1. Context — why now, why this lever

Tracks 5 (label smoothing + cleanlab, both branches ABANDONED) and 6 (focal loss, all 4 variants ABANDONED) showed a consistent shape : training signal manipulation does not help at the current dataset / labelling regime. Cohen's d ∈ [-1.8, -1.1] in the wrong direction across both Tracks ; the cross-track lesson recorded in F1_BUY_BOOST_PLAN.md §6 Outcomes explicitly pivots away from loss/label tuning.

Track 9 is the calibration tier (tier 5 of the F1 plan) — a different lever entirely. Instead of changing the model's internal training signal, it changes the post-inference decision threshold conditional on the market state (regime). The model produces p(BUY) ∈ [0, 1] ; the existing global ThresholdCalibrator (committee 7371c57d + 825d2fdf, see src/commun/trading/threshold_calibrator.py) picks one F1-optimal threshold per model version. Track 9 hypothesizes that one threshold cannot be optimal across all market regimes — the model is over-confident in trending markets and under-confident in volatile / transition markets, so the threshold should adapt.

The CVNTrade pipeline already classifies market regimes via src/commun/regime/regime_detector.py into 6 codes :

Regime code Macro-state
TREND_BULL Sustained directional uptrend, low volatility
TREND_BEAR Sustained directional downtrend, low volatility
RANGE_CALM Sideways, narrow bands, low volatility
RANGE_VOLATILE Sideways, wide bands, high volatility
TRANSITION_UP Pivot from down/range to bullish trend
TRANSITION_DOWN Pivot from up/range to bearish trend

The classification already drives a regime filter in the post-inference filter chain (per Filter Funnel architecture step 5).
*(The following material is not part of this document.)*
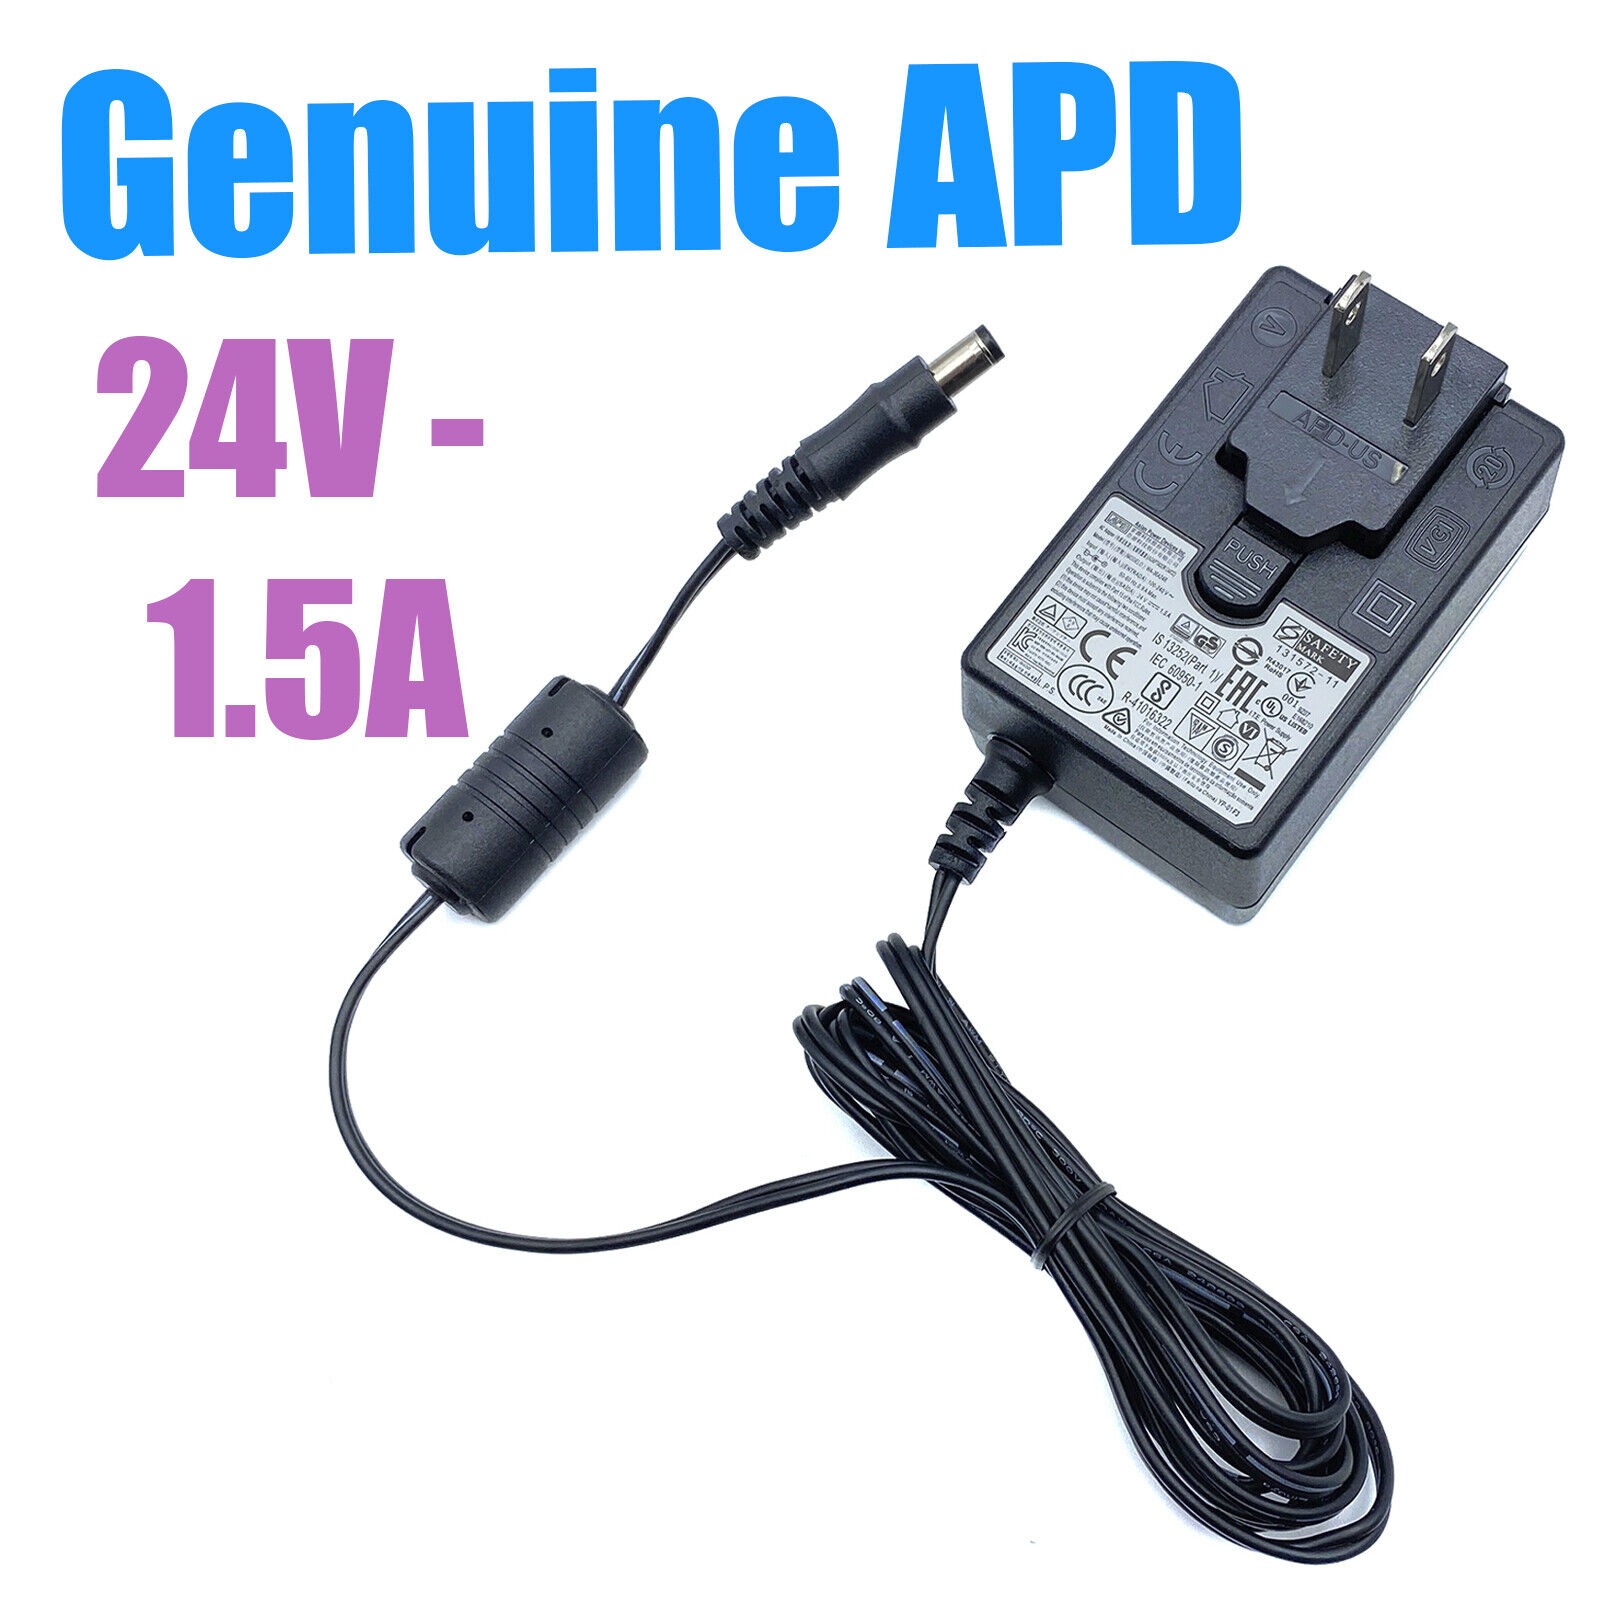 Genuine APD AC Power Adapter 24V for Kodak ScanMate i1150 Document Scanner OEM
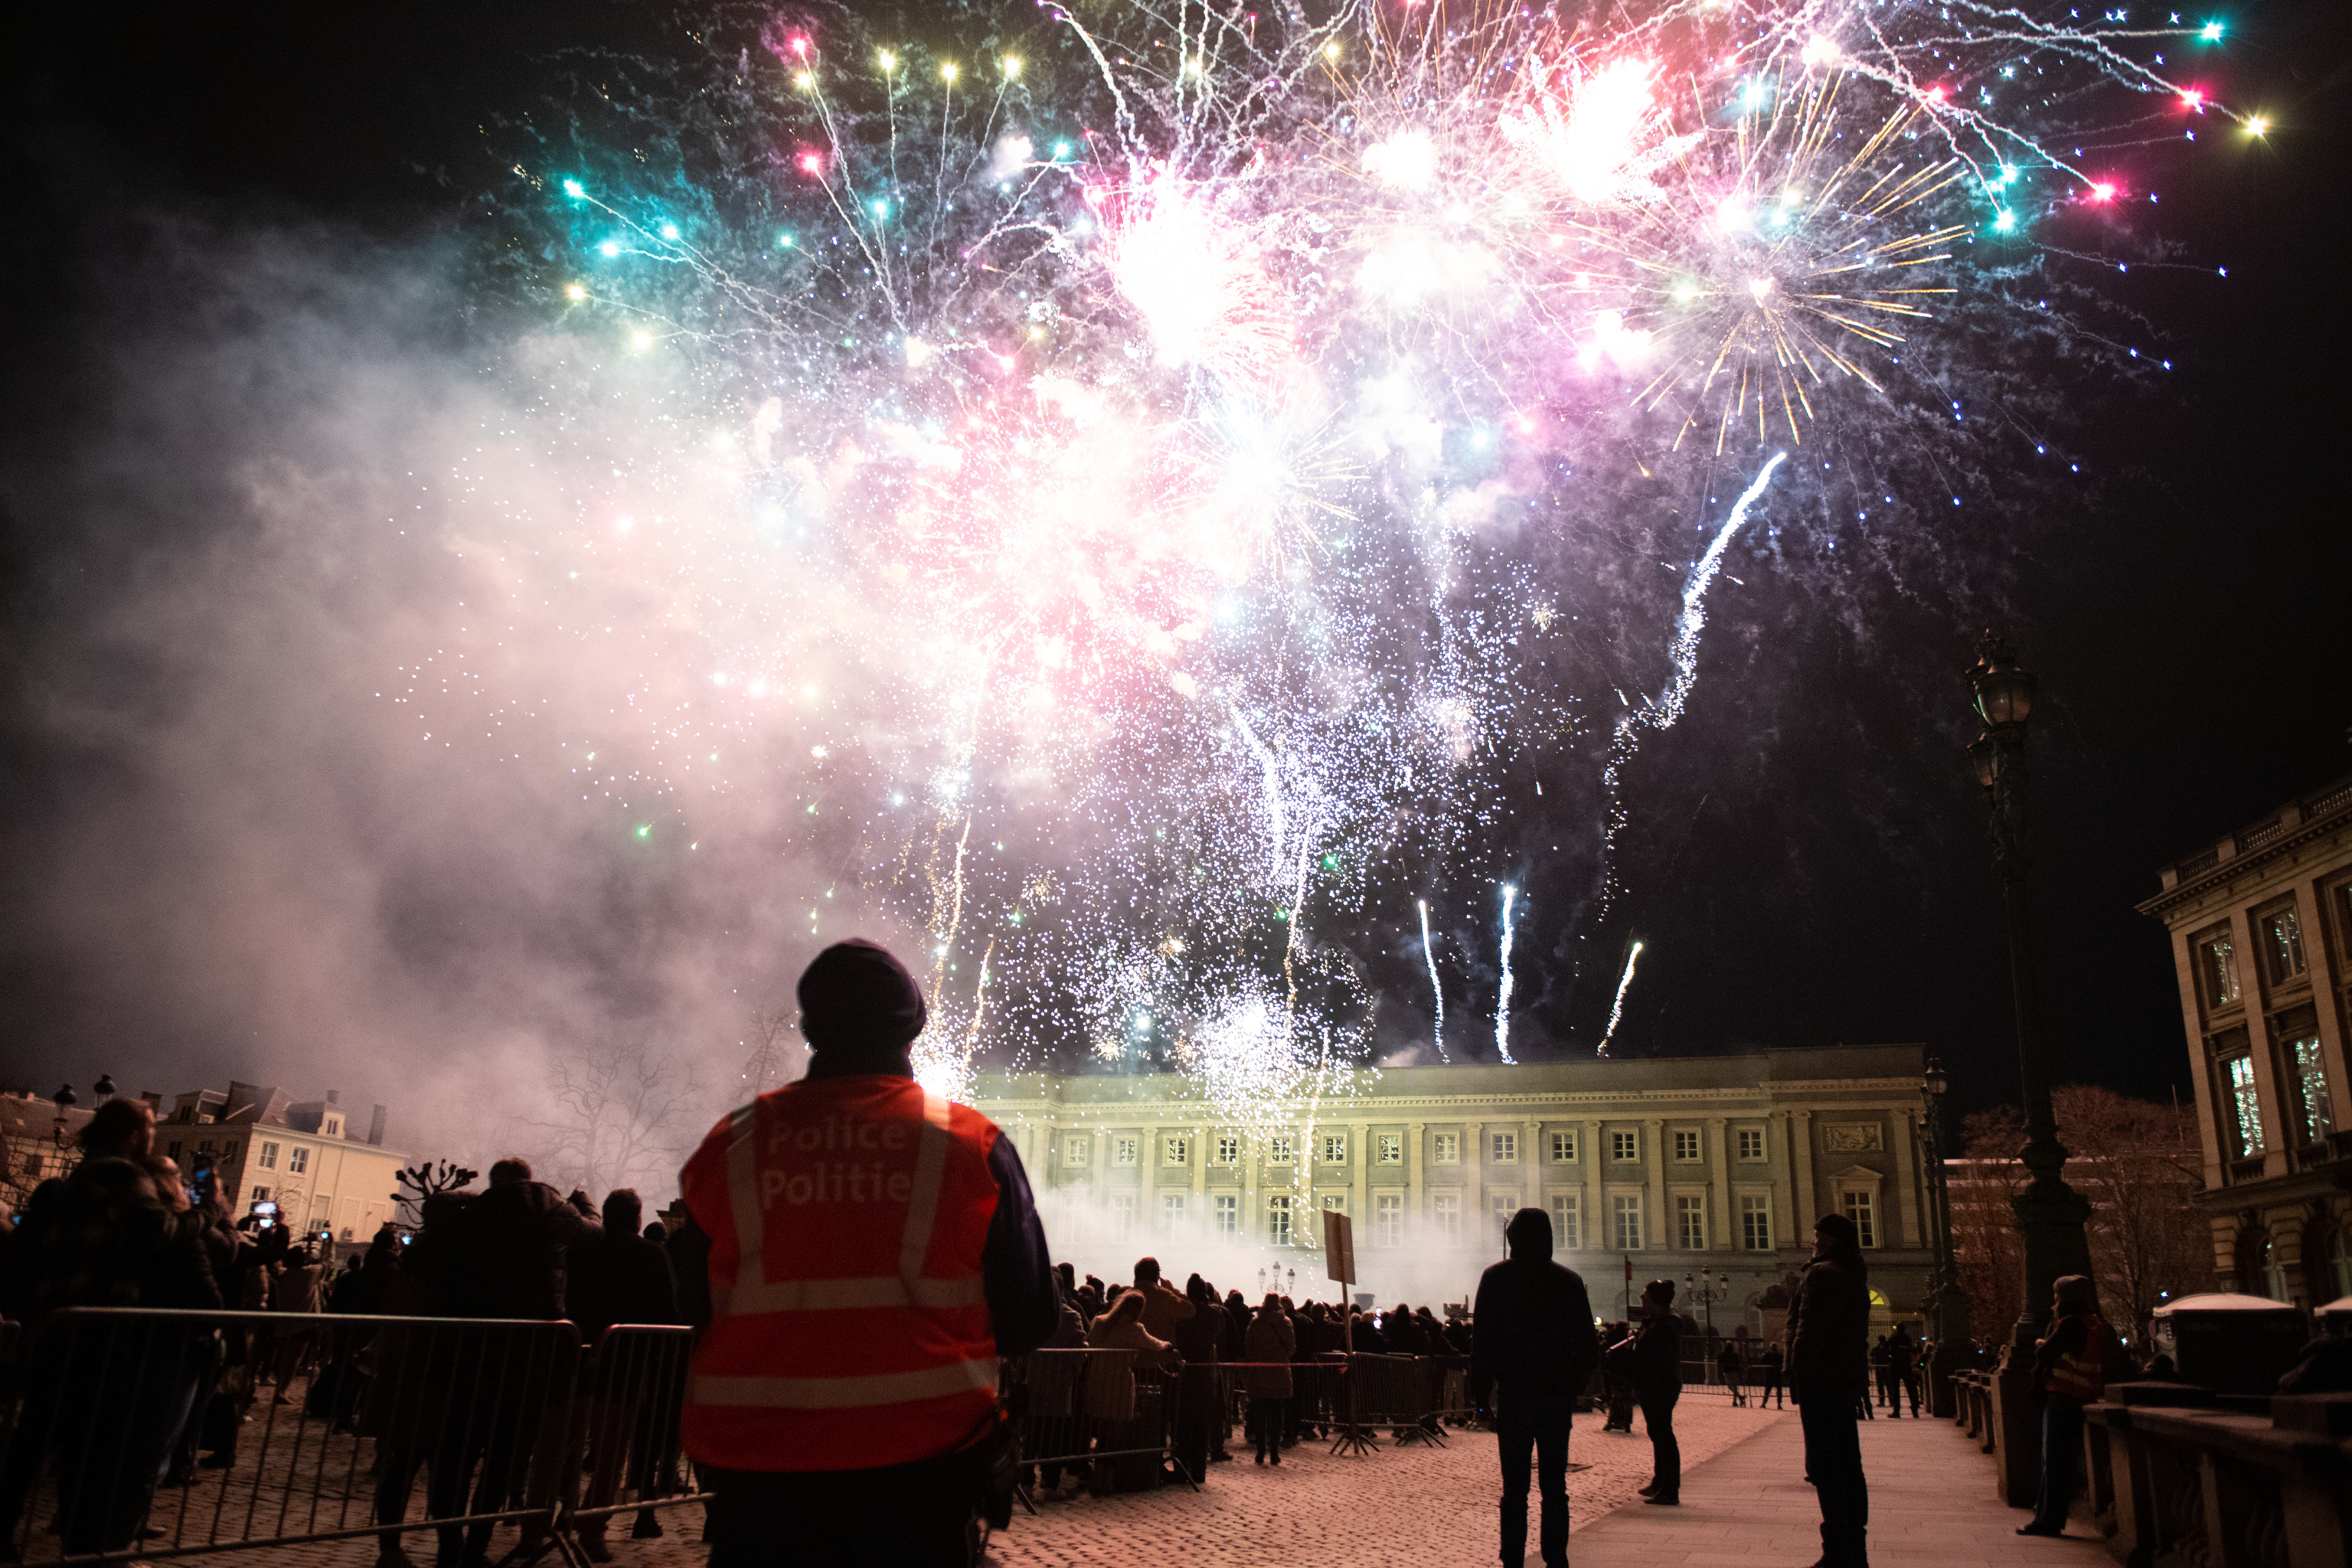 Réveillon du Nouvel An : les feux d'artifice interdits en Flandre orientale  - La Libre

Track 9 pushes regime-awareness one step earlier — into the threshold decision itself.

2. Hypothesis (falsifiable)

Per-regime thresholds lift f1_buy materially over a global threshold at the current dataset / labelling / model regime. Specifically :

  • H0 (null) : mean(f1_buy | per_regime_threshold) - mean(f1_buy | global_threshold) is indistinguishable from 0 (CI95 includes 0) → ABANDON.
  • H1 (alternative) : Δf1_buy ≥ +0.015 with 95 % bootstrap CI excluding 0, AND ≥ 4/5 cryptos individually improve, AND Cohen's d ≥ 0.3.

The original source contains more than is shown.